**Work order:**
Copy everything in the data below exactly except the pictures.

(Data below begins)

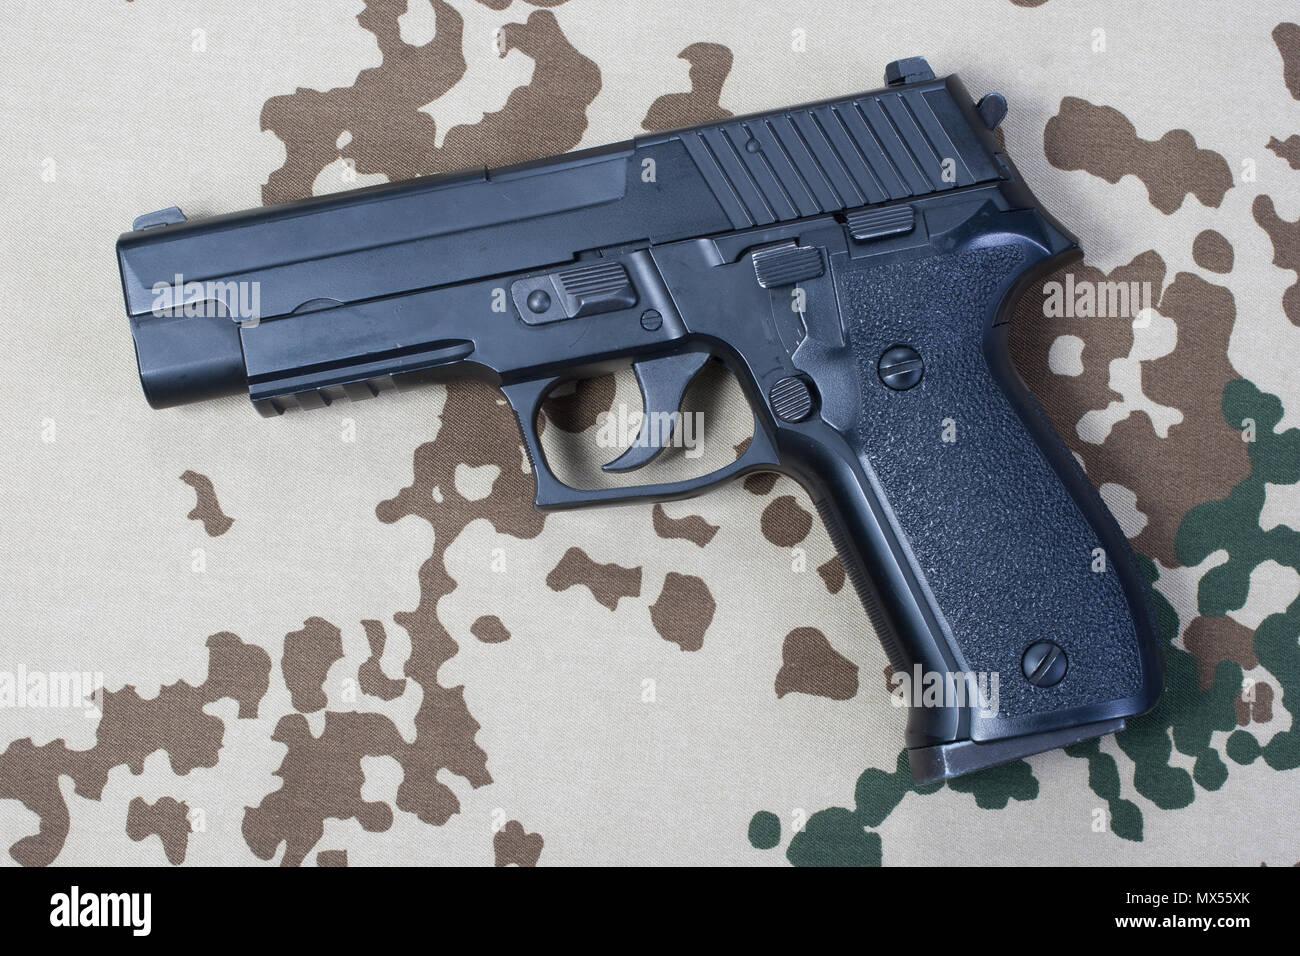 sig sauer hand gun on desert camouflaged background Stock Photo
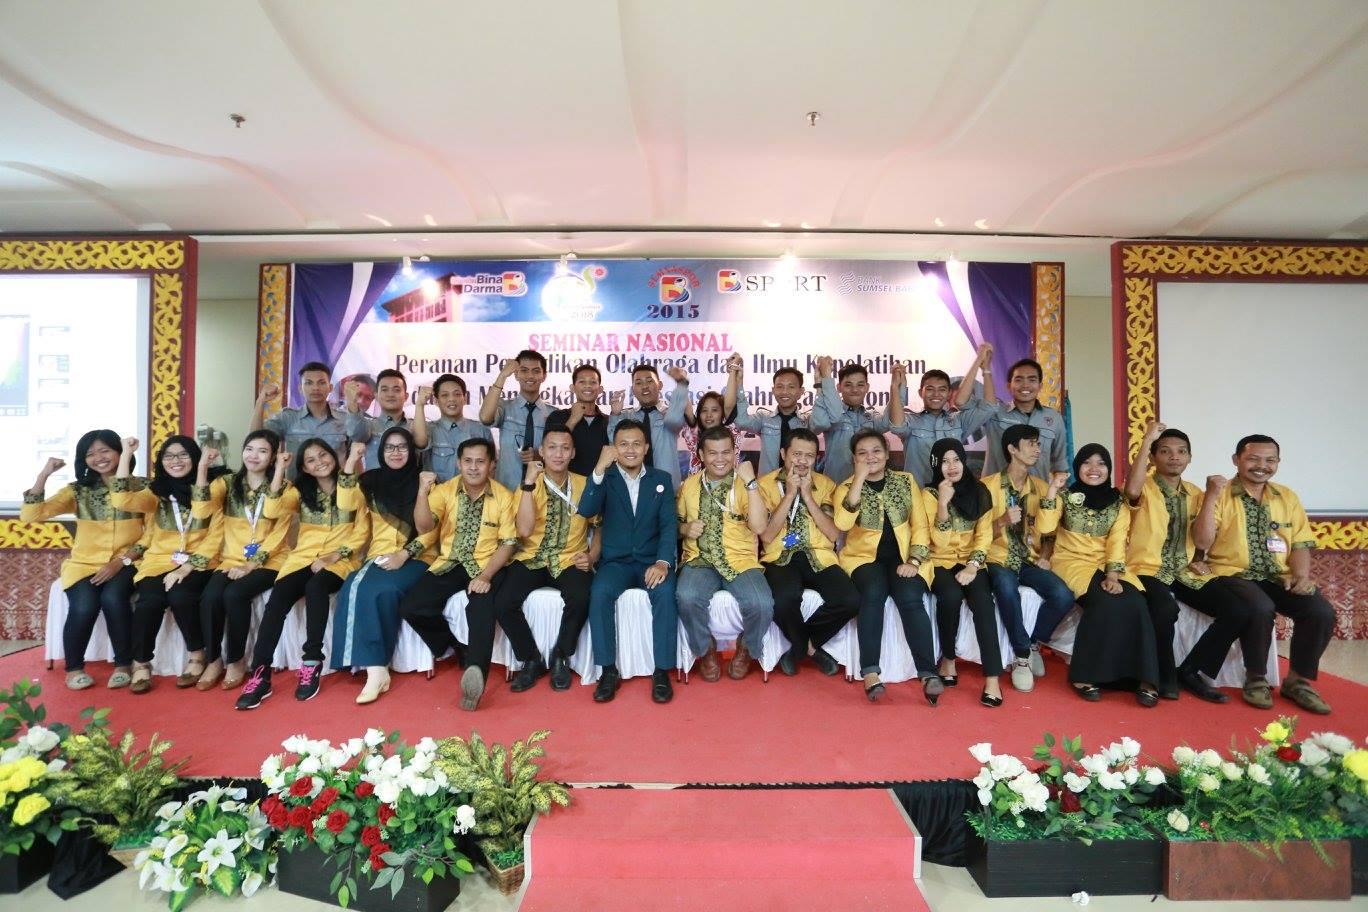 Seminar Nasional Pendidikan Olahraga 2015
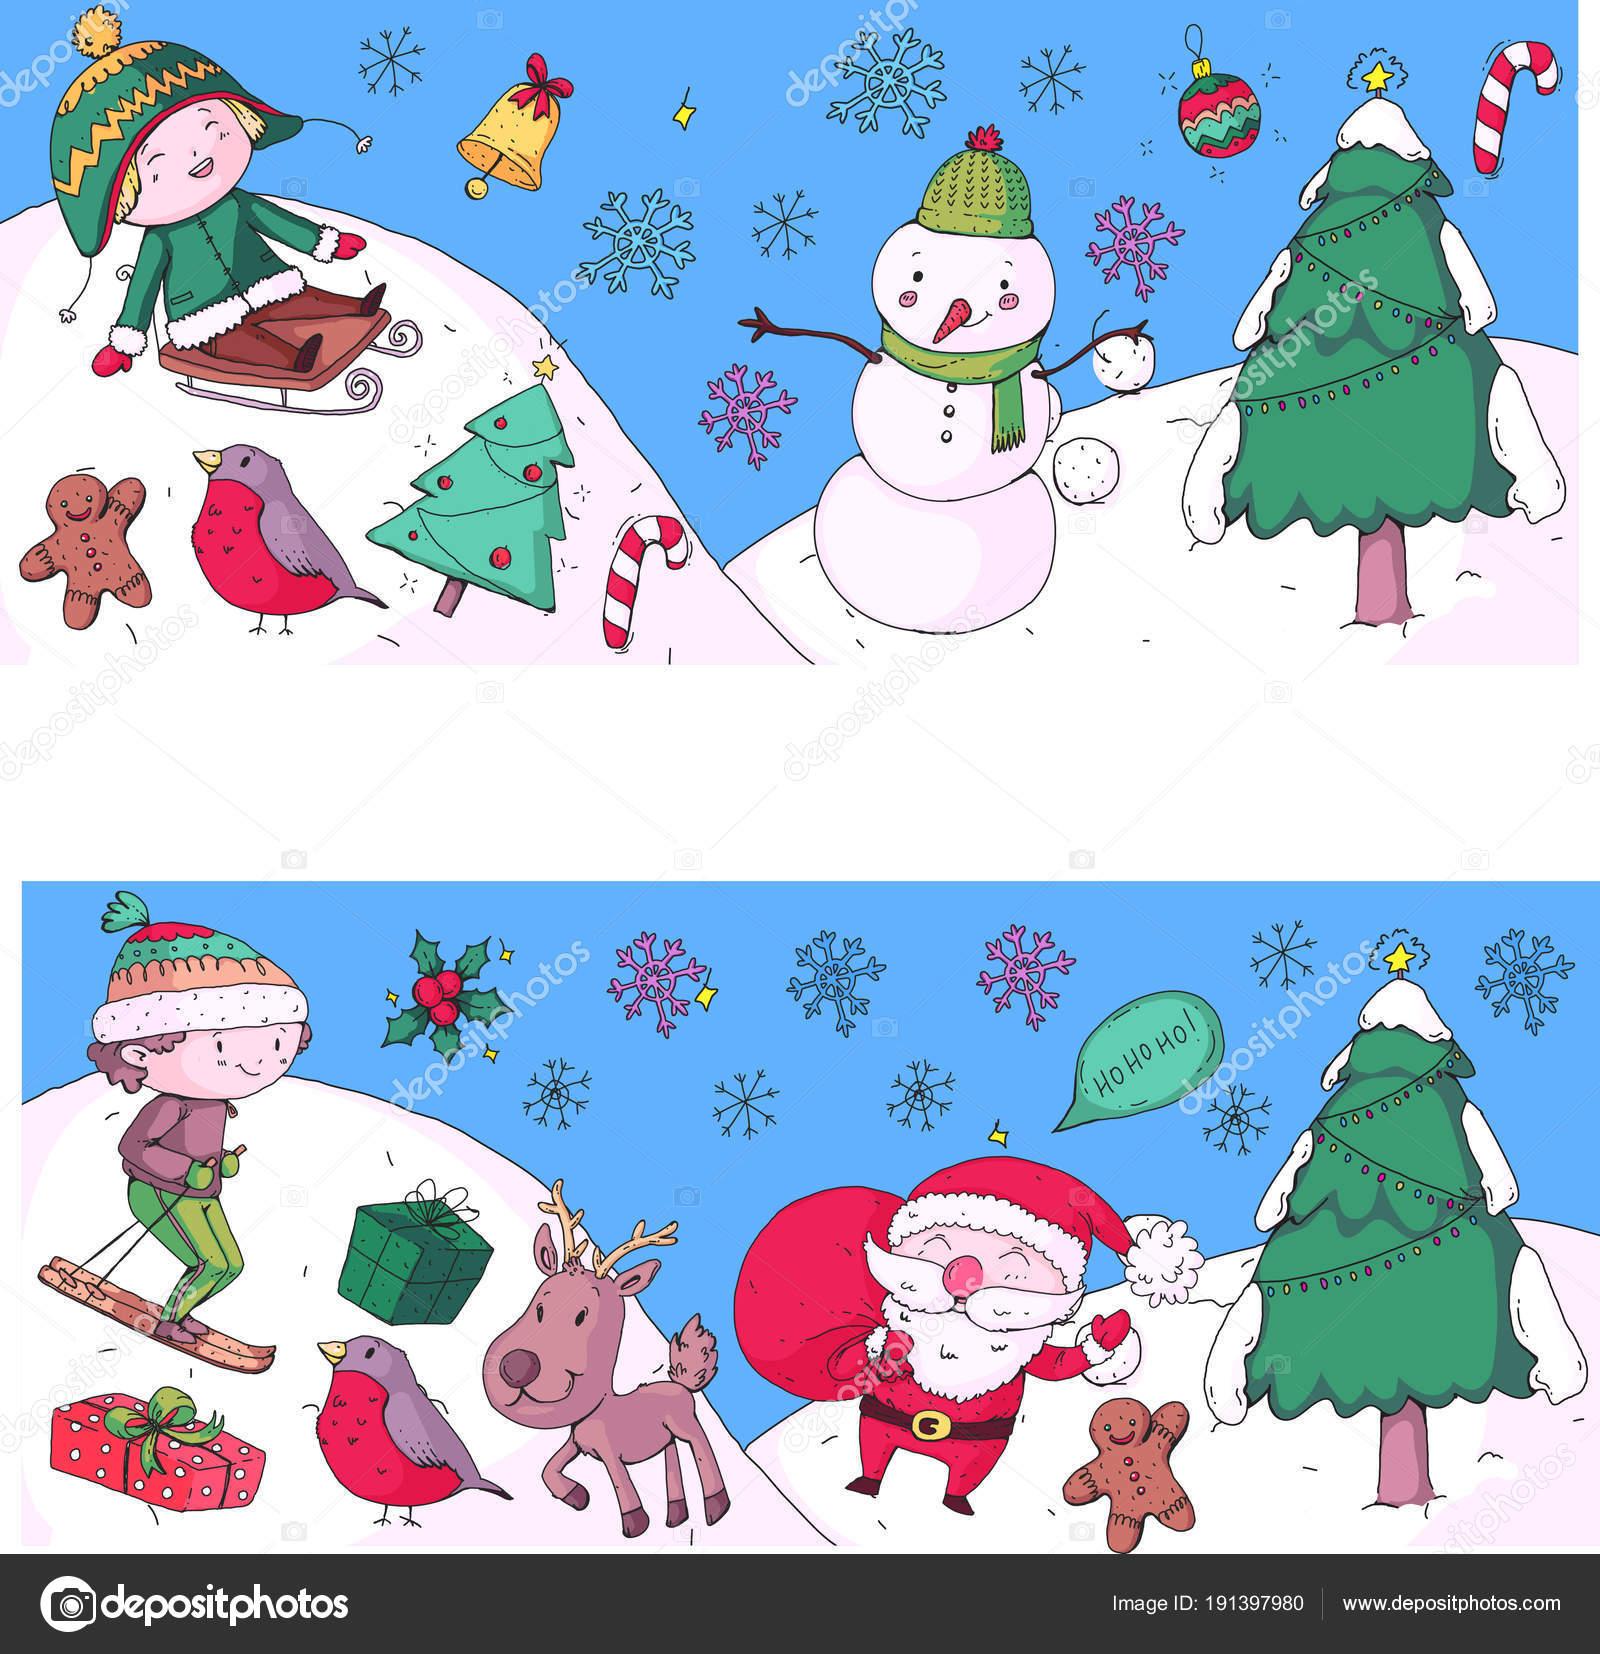 Regali Di Natale Per Bambini Asilo.Natale Festa Di Natale Con I Bambini Disegno Di Illustrazione Con
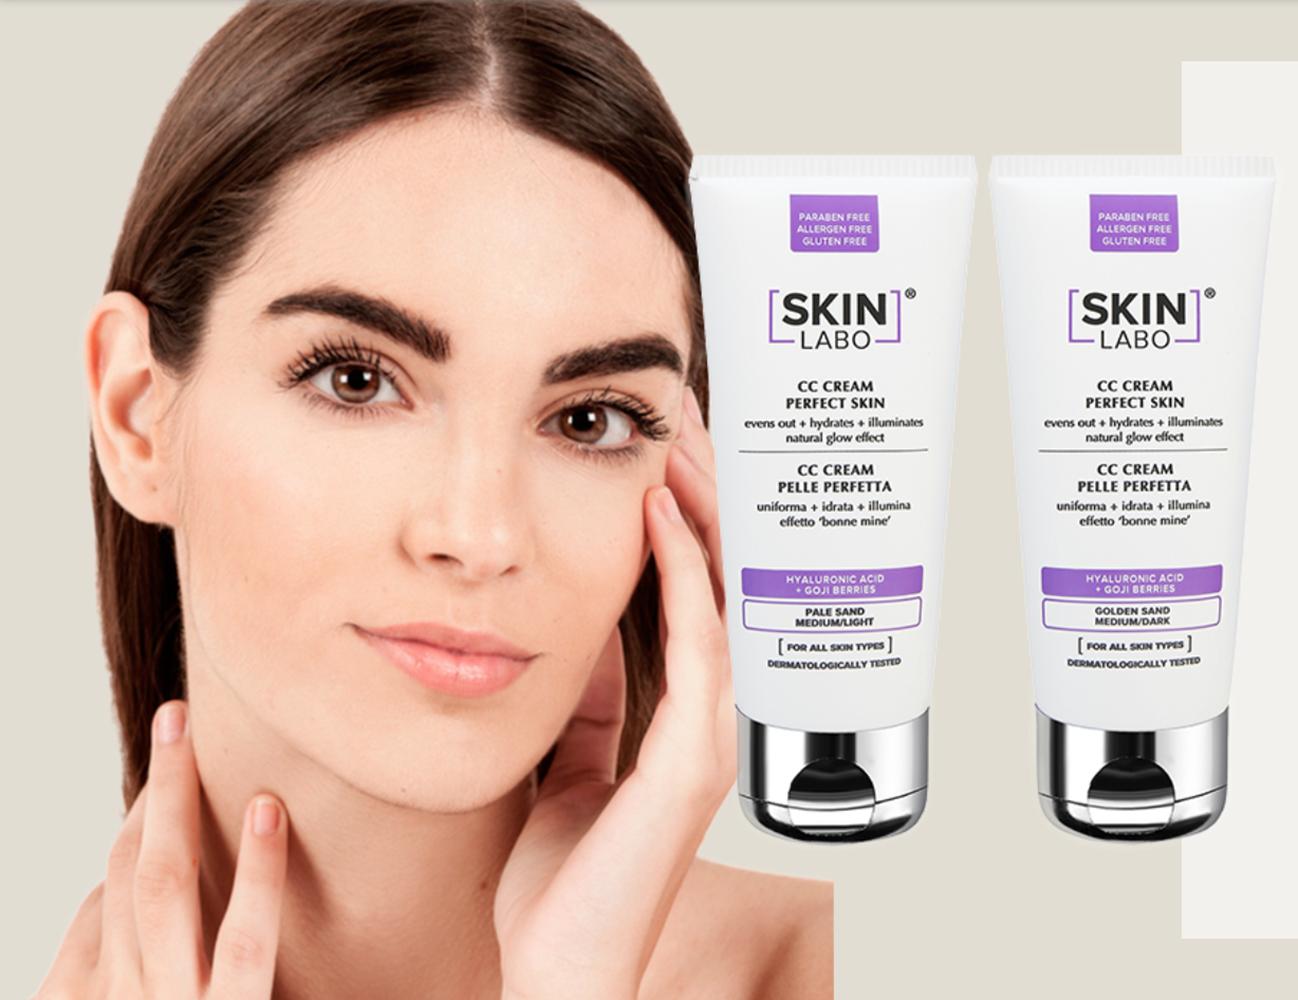 Skin Labo CC Cream

(Data below ends)

**Answer to this problem:**
 sig sauer hand gun on desert camouflaged background Stock Photo
 Seminar Nasional Pendidikan Olahraga 2015
 Regali Di Natale Per Bambini Asilo.Natale Festa Di Natale Con I Bambini Disegno Di Illustrazione Con
 Skin Labo CC Cream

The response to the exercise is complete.